━━ STORED DATA
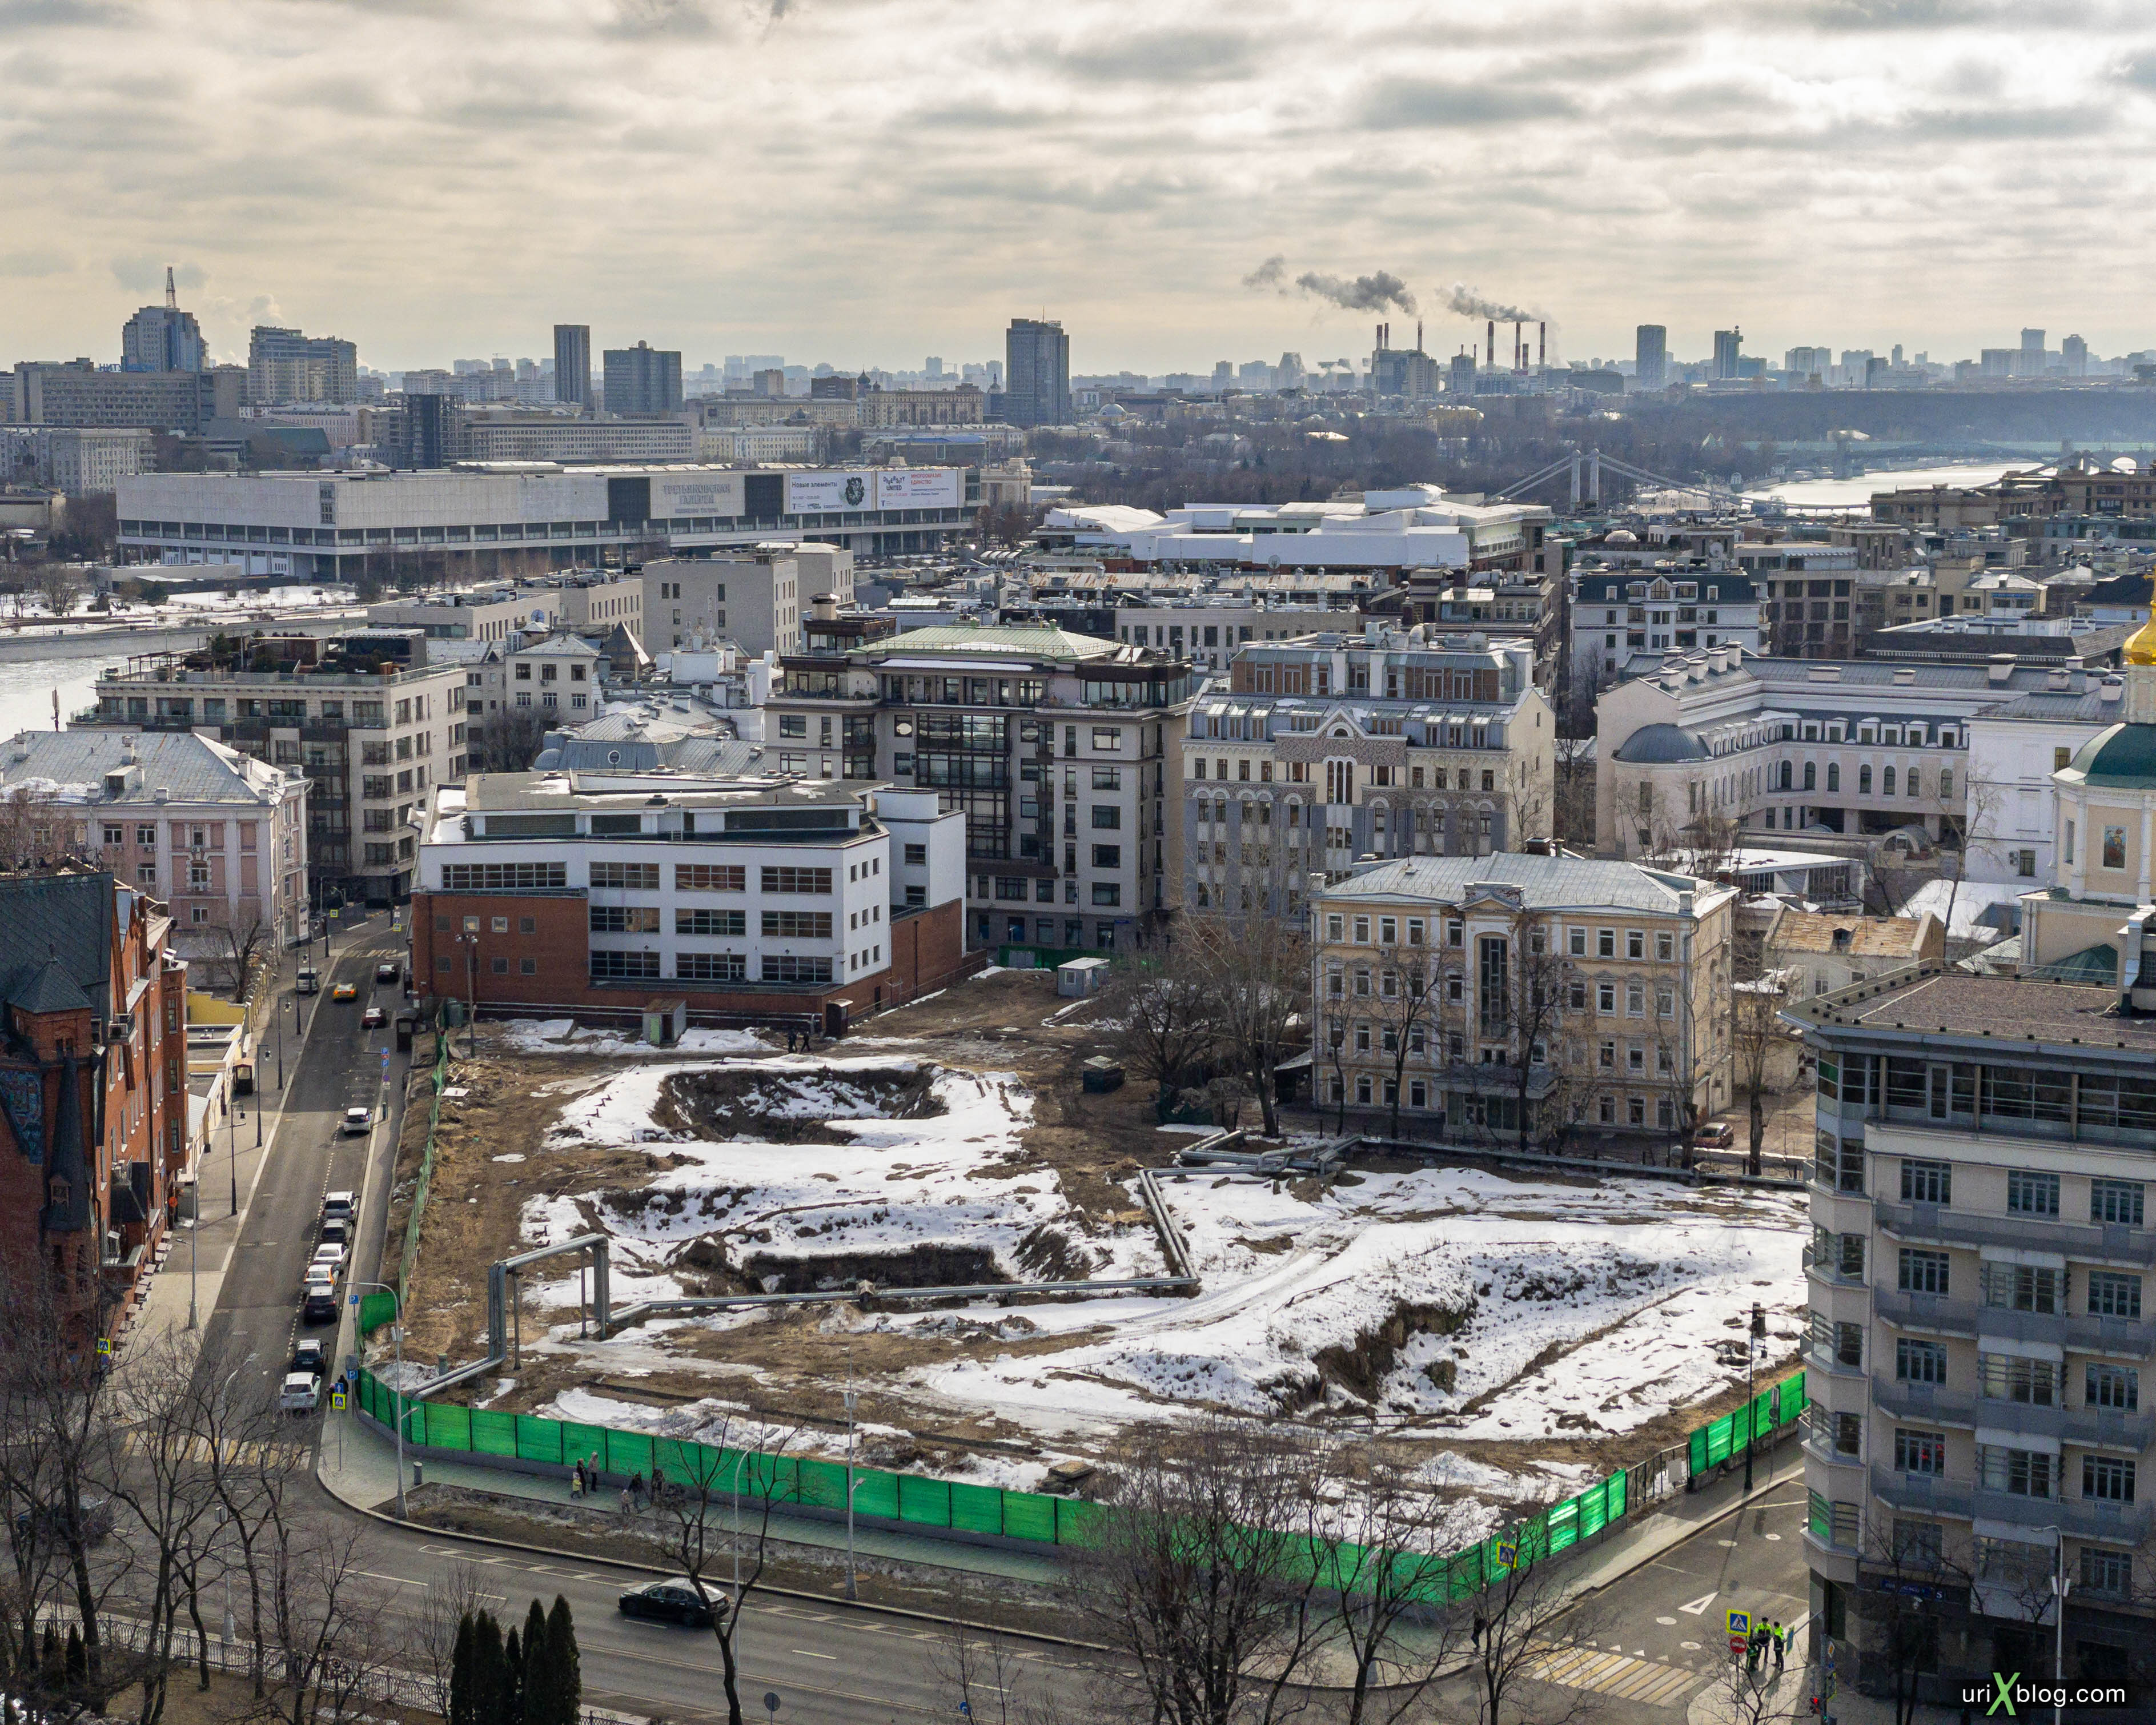 Cathedral of Christ the Saviour, CCS, observation deck, panorama, city, Moscow, Russia, Display P3
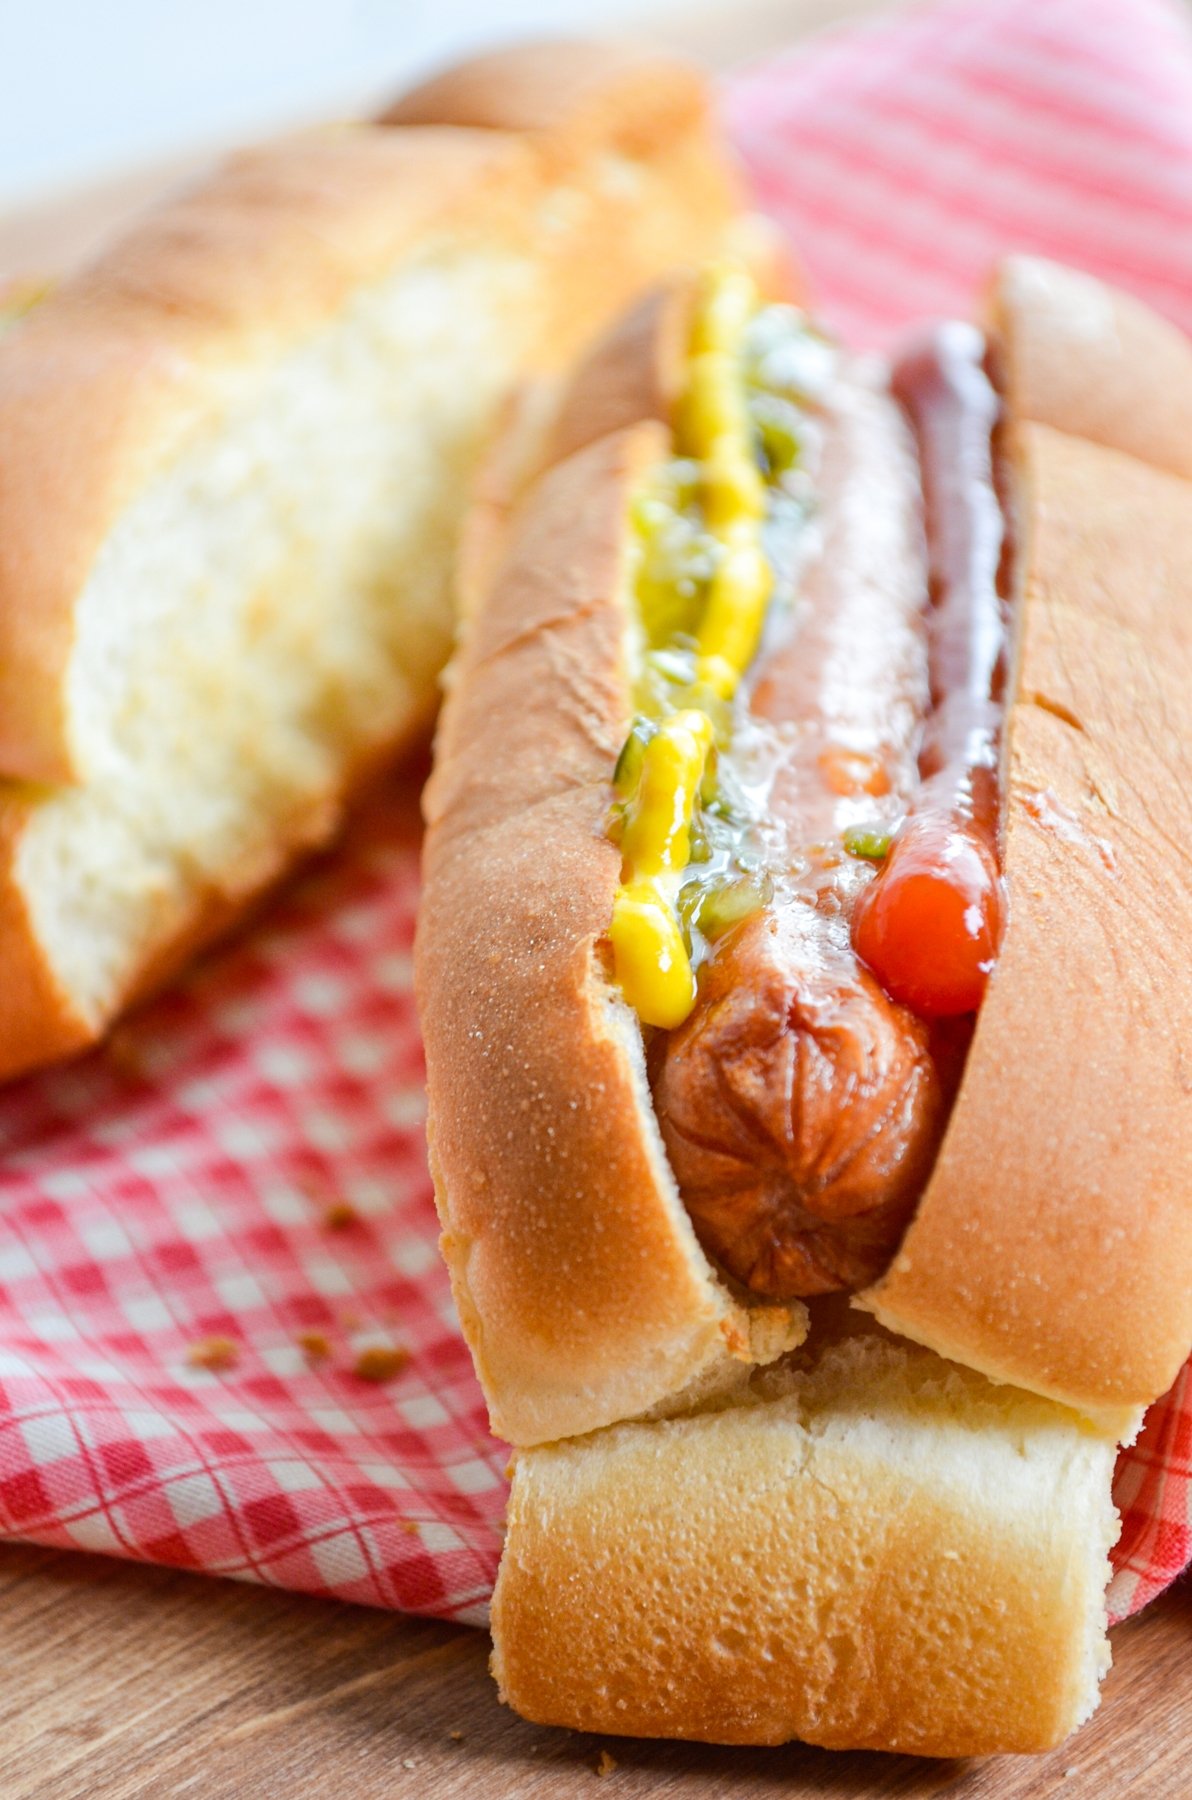 A classic hot dog prepared with ketchup, mustard, and relish.
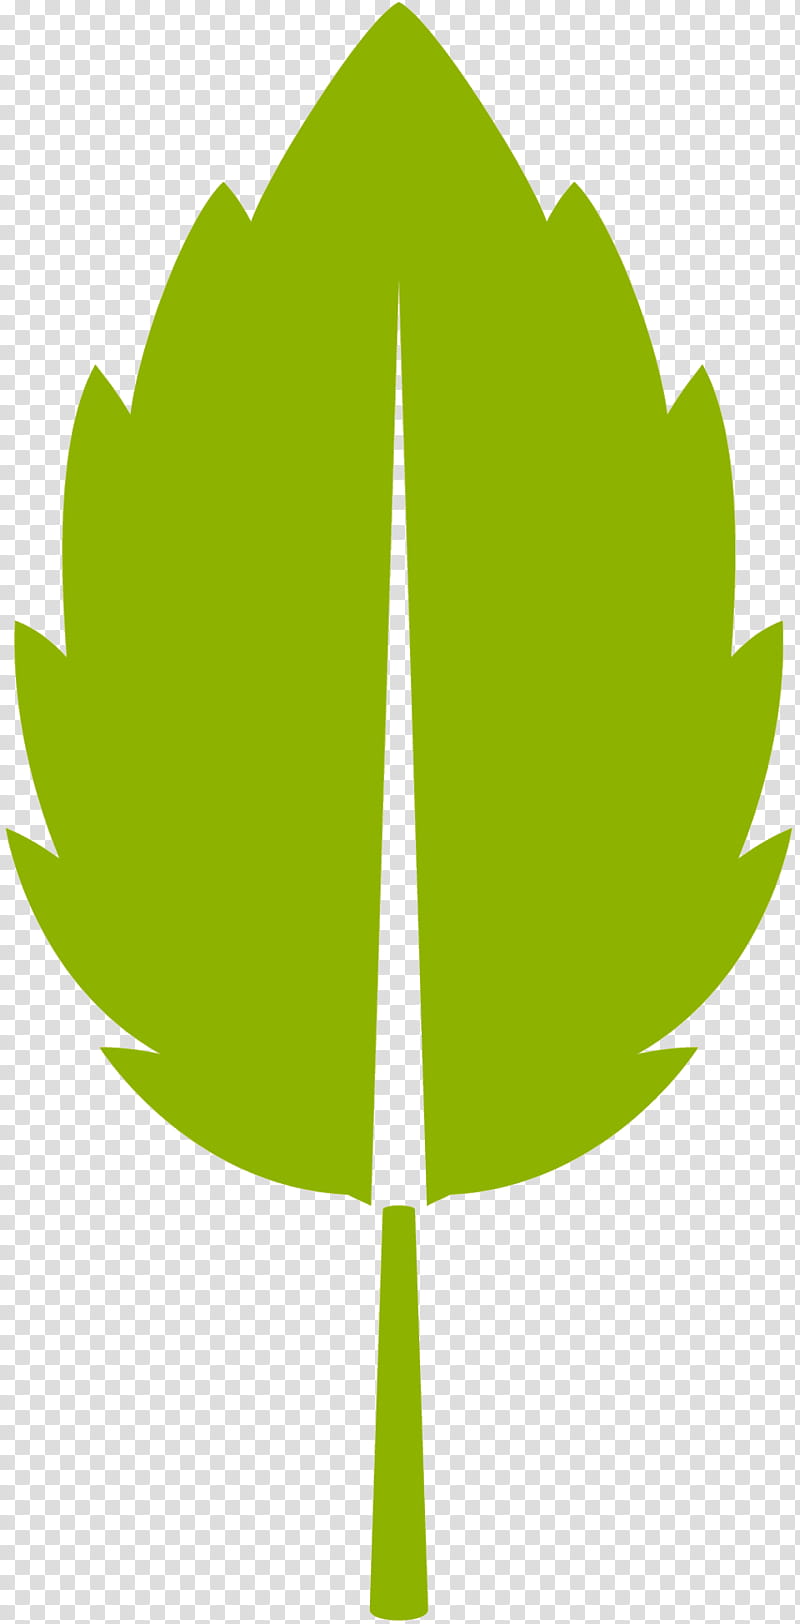 Green Leaf Logo, Bark Co, Car, Code, Coupon, Subscription Box, Review, Tree transparent background PNG clipart
━━━━
_WHAT YOU ARE ASKED TO DO_: Reproduce every line of the material above, but drop the pictures.

_OUTPUT_:
 Cathedral of Christ the Saviour, CCS, observation deck, panorama, city, Moscow, Russia, Display P3
 A classic hot dog prepared with ketchup, mustard, and relish.
 Green Leaf Logo, Bark Co, Car, Code, Coupon, Subscription Box, Review, Tree transparent background PNG clipart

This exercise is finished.